The implications of the Austrian intervention – and the resulting division of the island between French and Austrian zones of control – were greater than either Theodore or the Corsicans first realized. As the rebels eventually discovered, there was no “secret pact” between Theodore and the empire, and the Austrian commander
Otto Anton, Graf von Walsegg soon demonstrated that he had every intention of fighting the rebels as Vienna had promised. Yet from the start, the clarity of purpose of Vienna’s intervention would be clouded by the influence of Grand Duke
Franz Stefan with some help from the Austrian commander in Livorno,
Karl Franz, Freiherr von Wachtendonk. The emperor himself had no interest in the rebels, desiring only to reassert Austrian power and satisfy his British allies by denying the French the run of Corsica. His son-in-law, however, still fancied using the rebellion to gain the island for himself – and for the rebellion to be of any use, it had to continue to exist.
Corsica in late May 1740
Green: Royalist controlled
Red: Genoese controlled
Blue: Franco-Genoese controlled
White: Unknown or neutral
Footnotes
[1] Whether an earlier capture of Corti would have changed these terms is unknown. While the French did believe that the town’s capture would improve their position, the consistently maintained negotiating position of the Austrians was that they should hold Corti in exchange for the French occupation of Ajaccio.
[2]
Bocca being the Corsican word for a pass.

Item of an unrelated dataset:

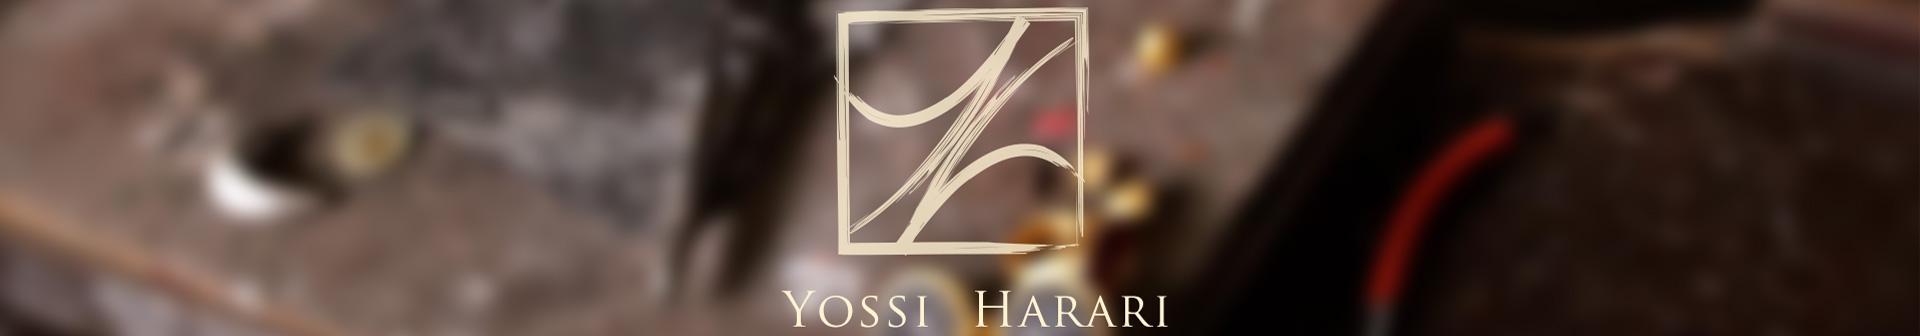 Cover yossi harari
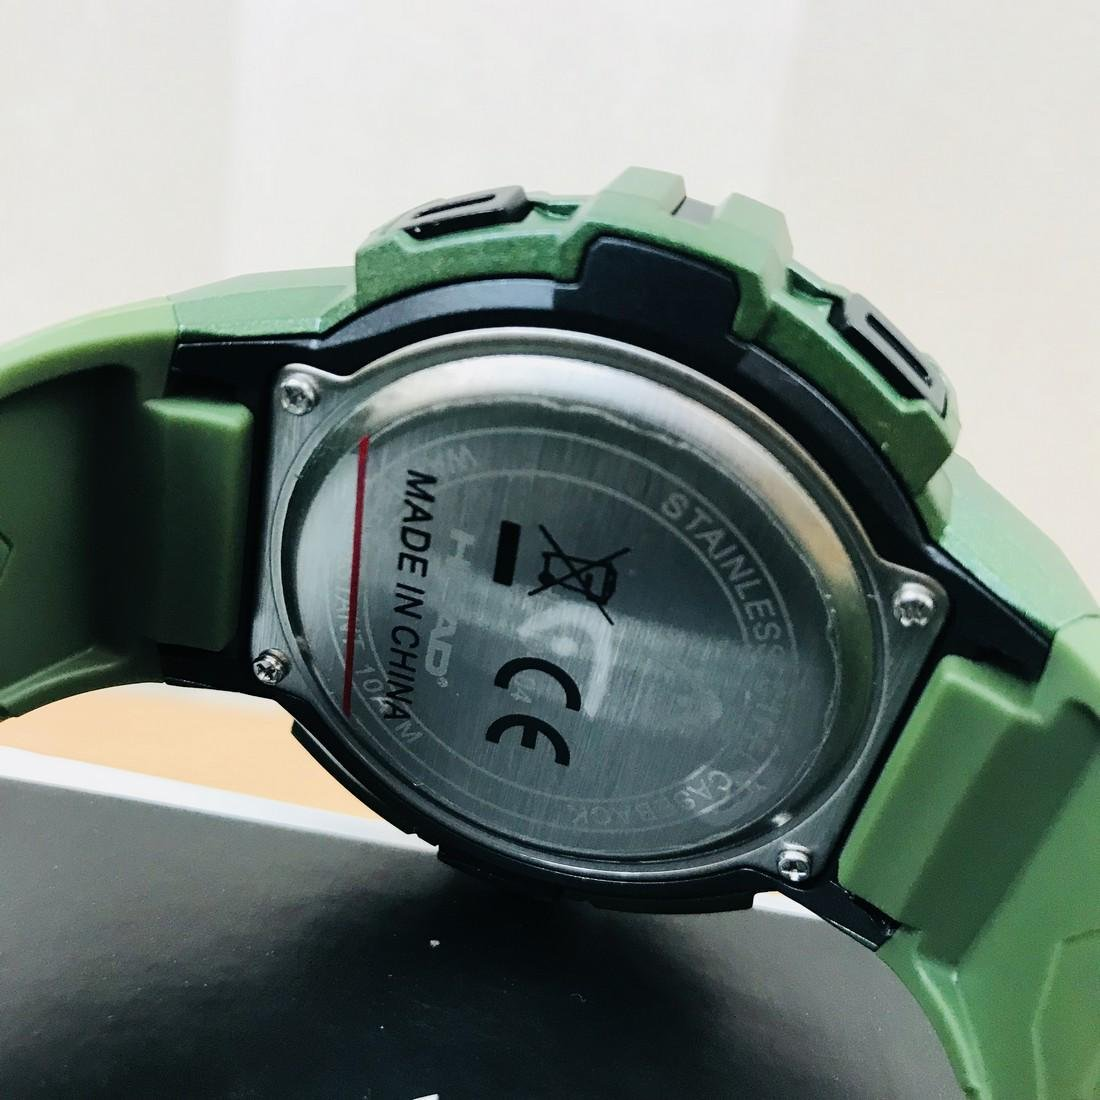 HEAD Super G Green Multifunctional Watch - 4

In Standard Italian the word for a pass is
passo, while
bocca means “mouth.”
Timeline Notes
[A] The Corsicans succeeded in gaining similar terms, at least with regards to the "French-only" occupation of Corti, in 1749. The 10-day truce prior to capitulation is similar to terms granted by Gaffori to the Genose defenders in 1746. Thus, while these are pretty generous terms, they're not historically unprecedented and there's really no reason for the French not to agree to them, particularly as Lautrec's position in the interior is still a bit touchy.
[B] There was, in fact, a notorious curate of Zicavo who was rabidly pro-Theodore; unfortunately, he seems to be only known as “the Curate of Zicavo” and I have not yet found his name. The curate was one of a number of Corsican religious leaders who preached armed struggle with inducements redolent of the promises made to crusaders or
mujahideen: that the mere act of killing a Genoese would absolve a man of his sins, and that death in the struggle was an act of martyrdom that would win a man his place in paradise.